● **Data segment**
****************************************
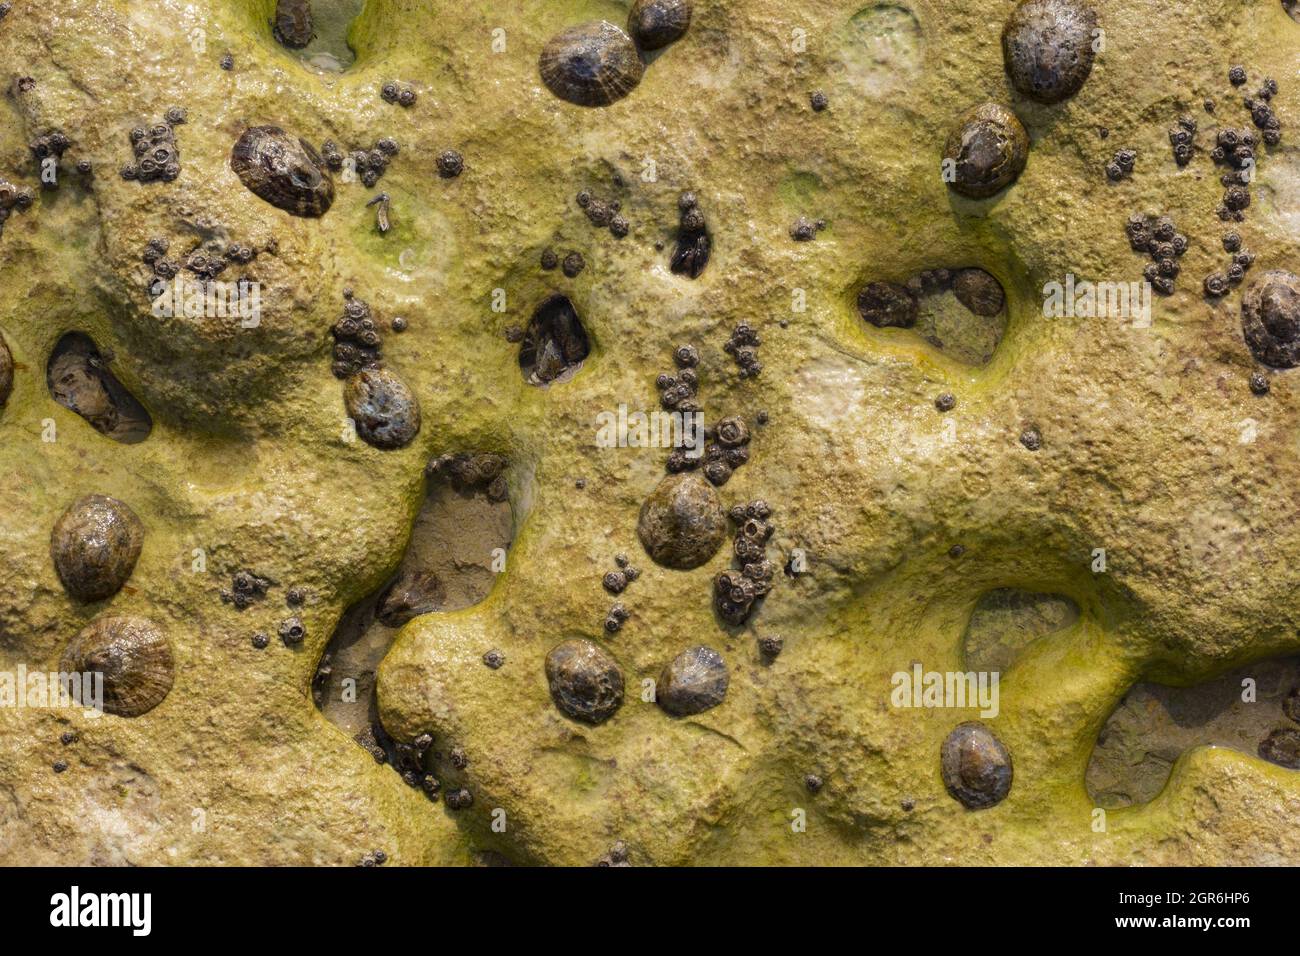 Closeup shot of arthonia vinosa for wallpaper and background Stock Photo
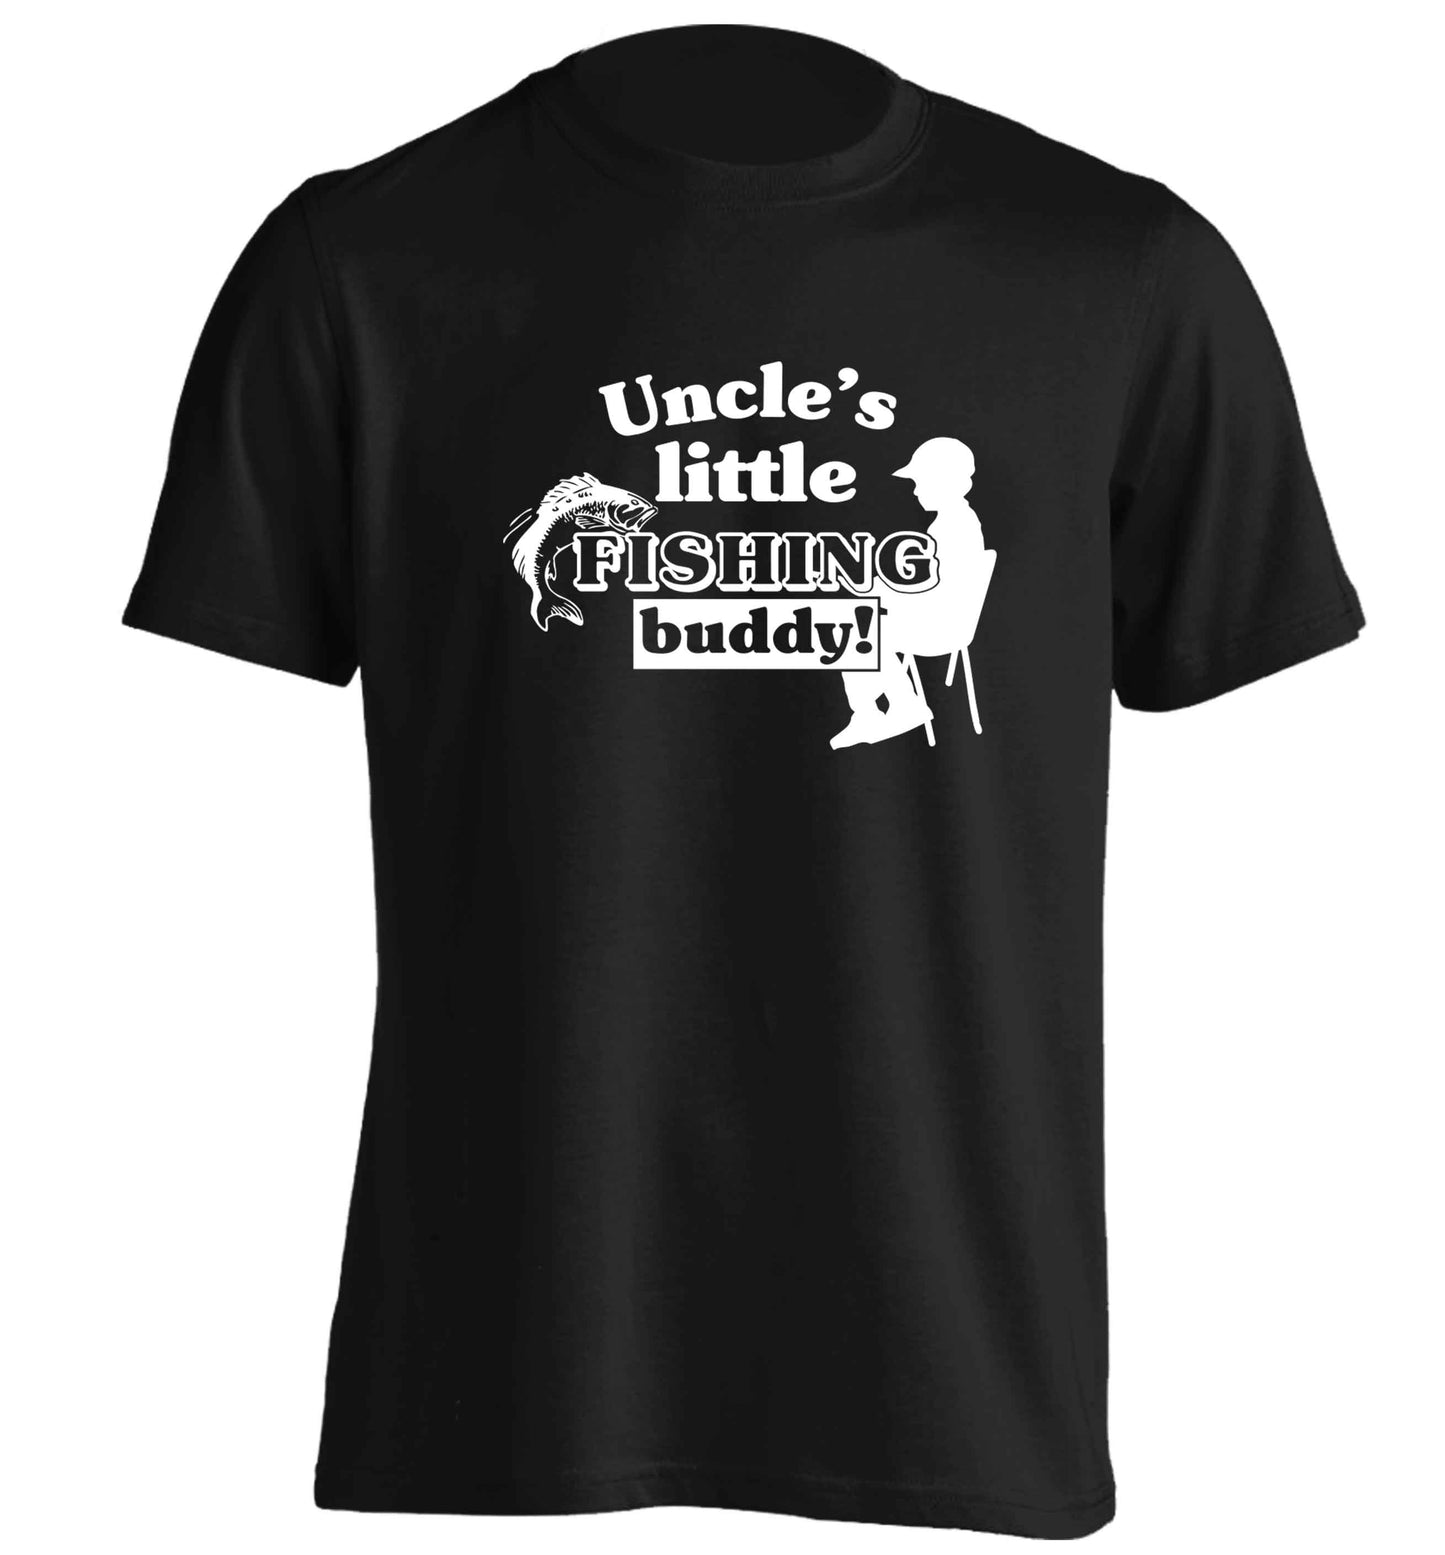 Uncle's little fishing buddy adults unisex black Tshirt 2XL
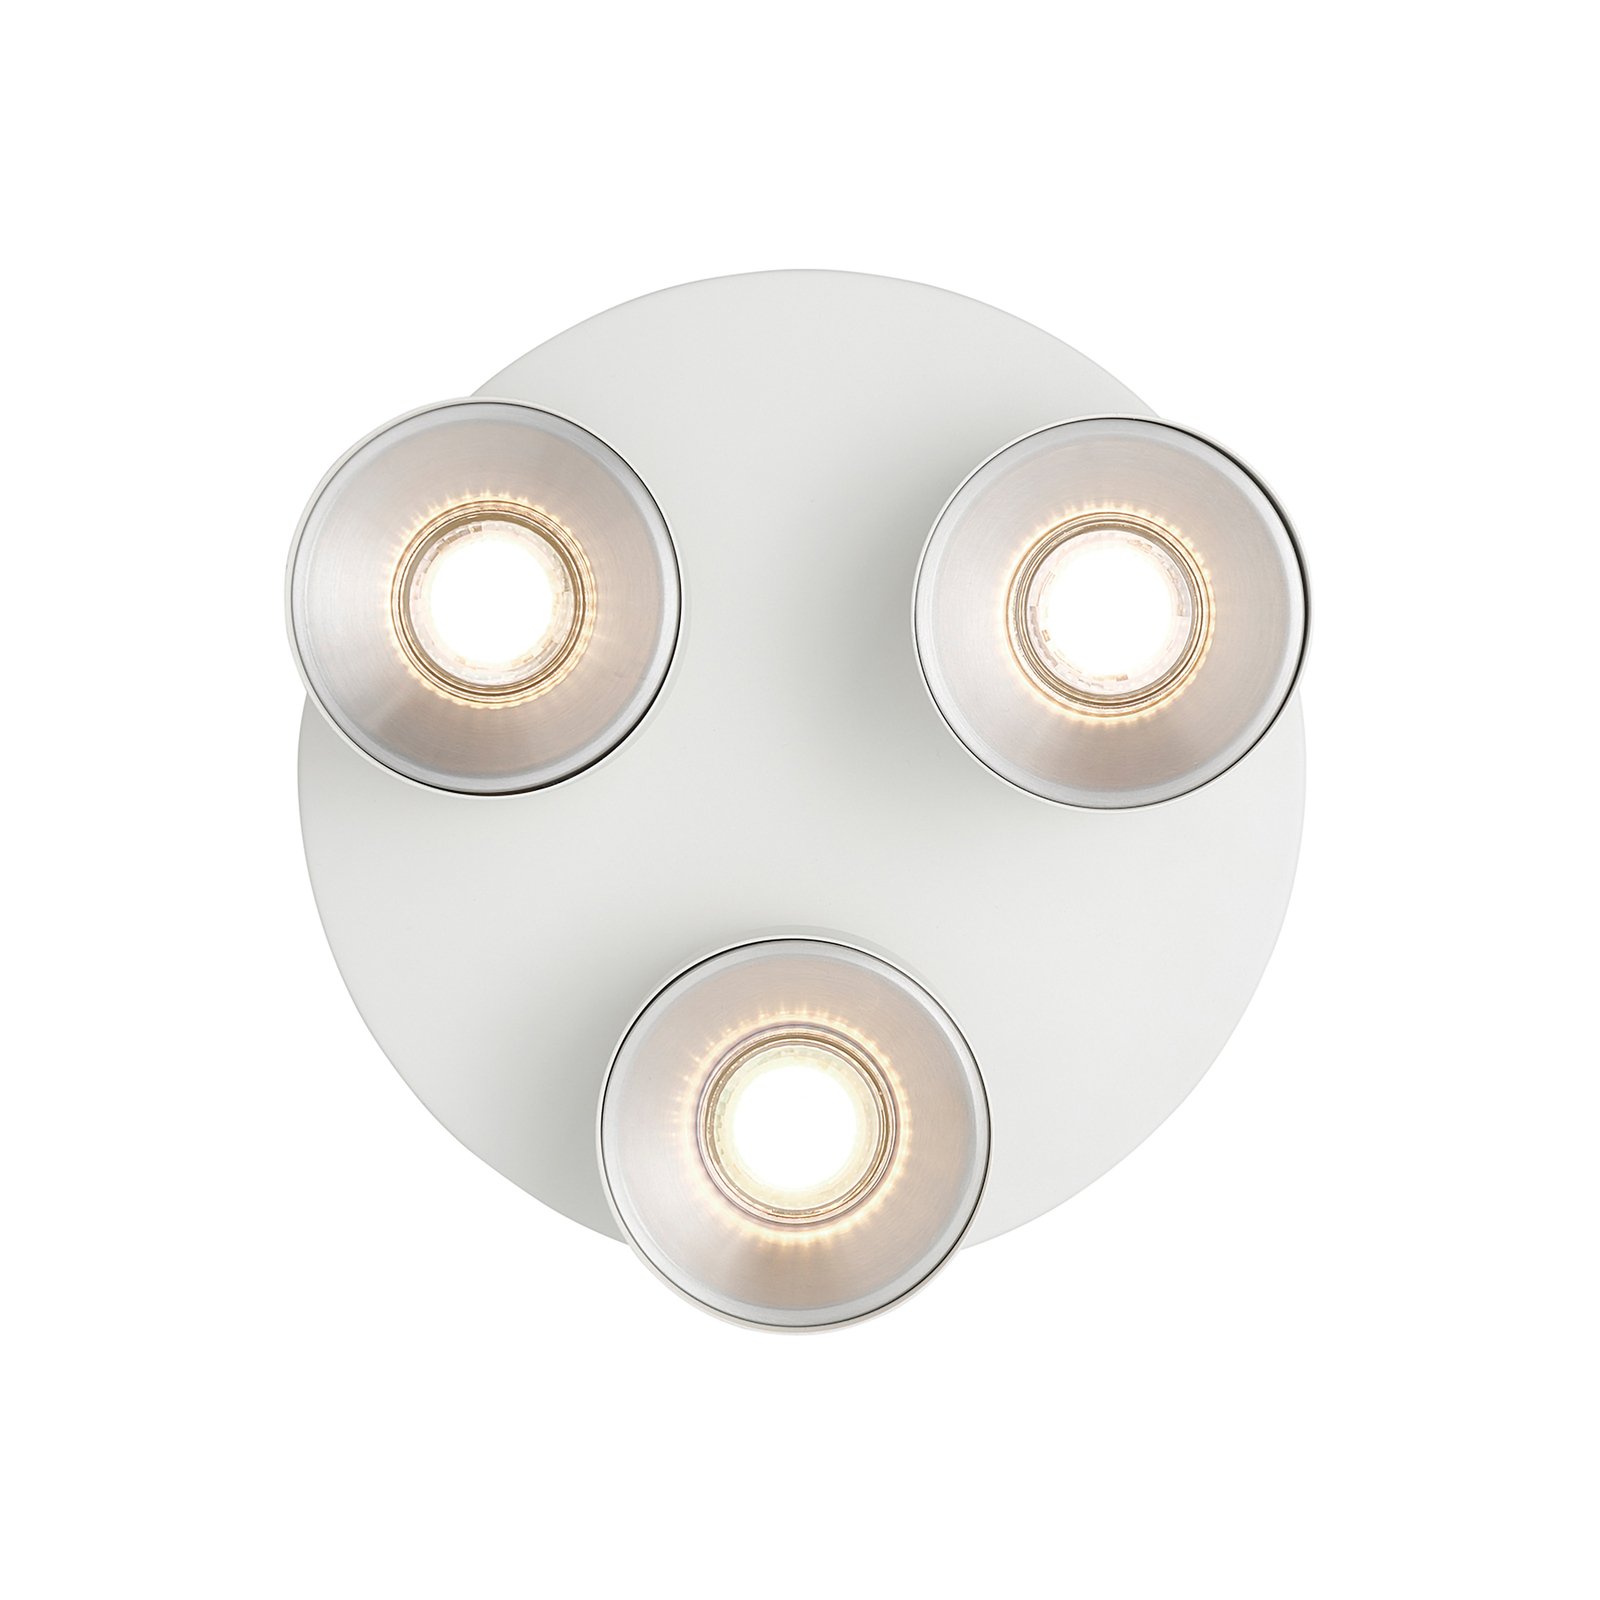 Pitcher downlight, GU10, 3-bulb, round, metal, white
****************************************
● **Instructions for the task**
Write out verbatim the lines from the one containing "Uncle's little fishing" through the last line of the listing above, and no other lines; omit pictures.

● **Exercise result**
 Uncle's little fishing buddy adults unisex black Tshirt 2XL
 Pitcher downlight, GU10, 3-bulb, round, metal, white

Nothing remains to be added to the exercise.